では世界は?となりますが、小耳話では日本の速記関連のものを中心にご紹介したいと思っていますので、機会があればということにしたいと思います。

 

今回は、日本の速記の生みの親である田鎖綱紀(たくさり こうき)さんの弟子たちについてです。

明治15年(1882)、田鎖綱紀さんが東京で日本傍聴筆記法の第1回講習会を開きました。講習会には、後の日本の速記界を担っていく若林玵蔵 (わかばやし かんぞう)、 林茂淳(はやし もじゅん)、酒井昇造(さかい しょうぞう)らが参加していました。

 

若林玵蔵は、明治法律学校(現在の明治大学)に学びながら講習生となり、速記習得に励みます。のちに若林玵蔵はある演説会の論争に際し速記を依頼され、その速記録が新聞紙上に公表されたことから、これが速記実務の先駆けとなりました。

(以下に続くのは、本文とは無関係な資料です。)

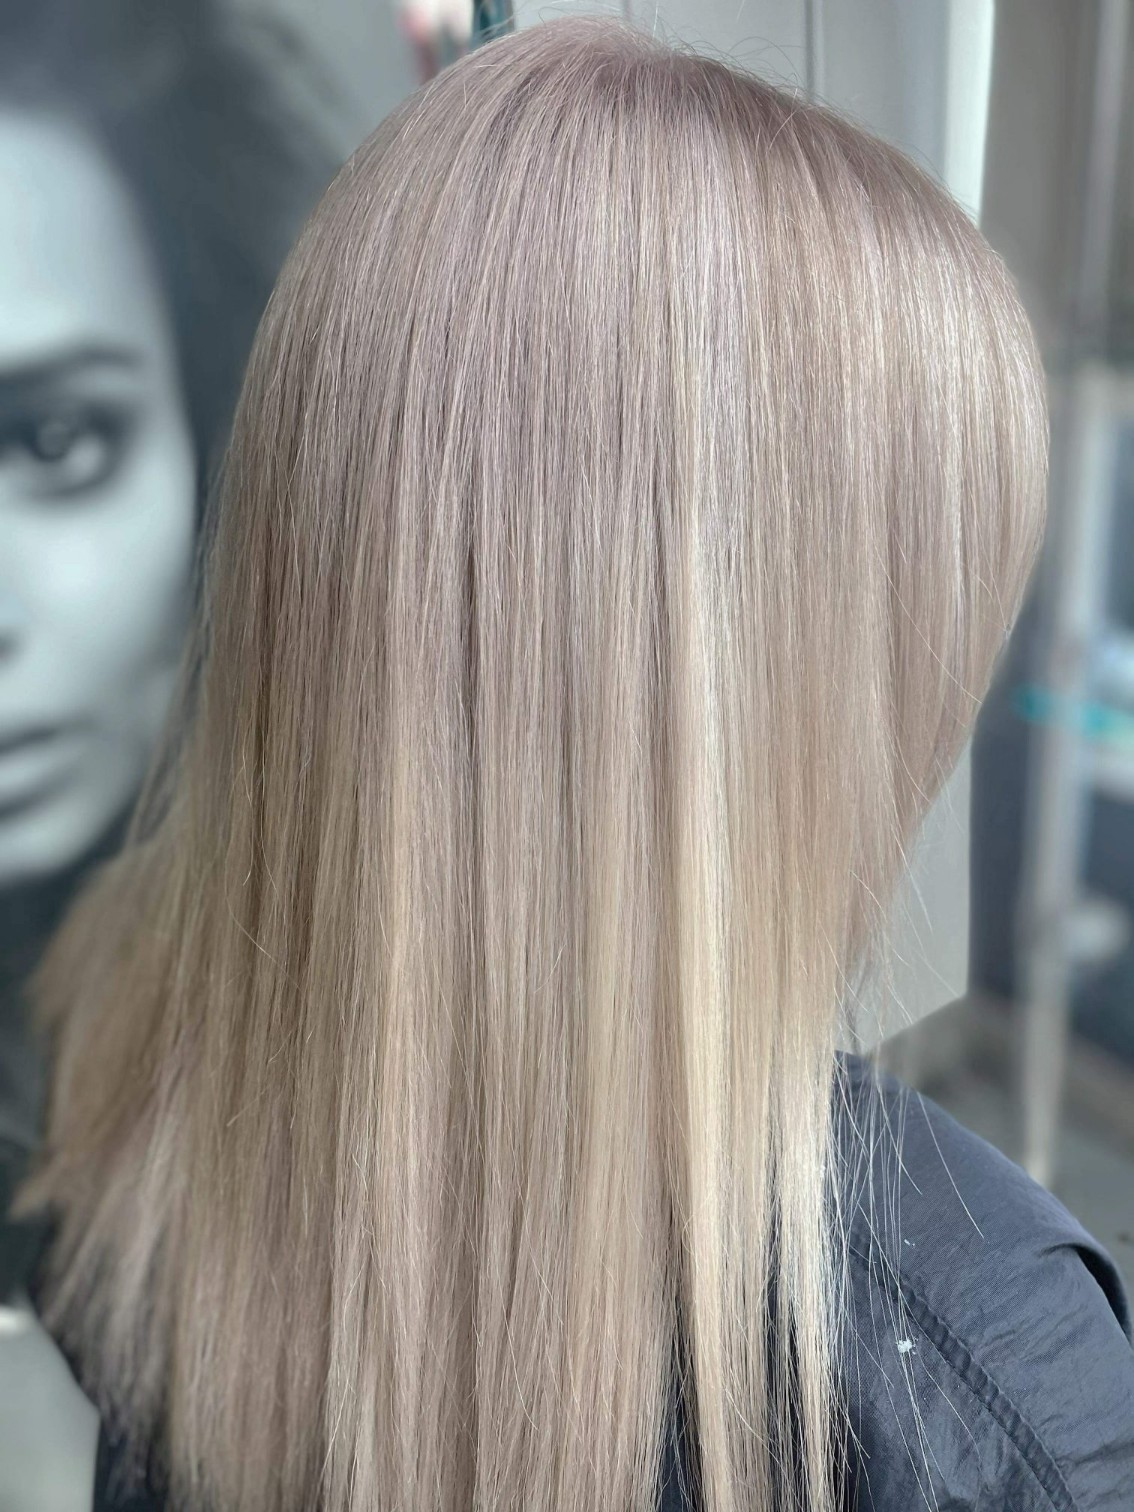 Ania Hair Salon_ long blonde

また落語家の三遊亭円朝が口演した怪談牡丹燈籠を酒井昇造とともに速記し、これが言文一致小説に大きな影響を与えたと言われています。

 

林茂淳は、大日本帝国憲法の起草に参画した金子堅太郎から帝国議会での速記採用について様々な質問を受けます。金子堅太郎は欧米の議会を視察して速記者が採用されていたことを実際に現認していましたが、速記者自身に直接問いかけをして速記の採用について確信を得たかったのでしょう。金子は林からの回答を受け、帝国議会での速記者の採用を時の総理大臣山県有朋に進言したと言われています。

そして、帝国議会で速記者が活躍し、第1回目の議会から完全な会議録が残っていくことになります。

 

なお、第1回講習会には多くの参加者がありましたが、のちに速記を業とできたのは、若林、林、酒井を含めて4人だけだったそうです。

どの世界でも後継者の育成は必要ですが、育成される側も覚悟を持って鍛錬することが必要ですね。

(つづく)

 

これまでの「ちょっと小耳に」

(1)速記の始まりと今

(2)日本の速記はいつから?

(3)第1回議会からの会議録があるのは日本だけ! 

(4)日本の速記方式(前編)

(5)日本の速記方式(後編)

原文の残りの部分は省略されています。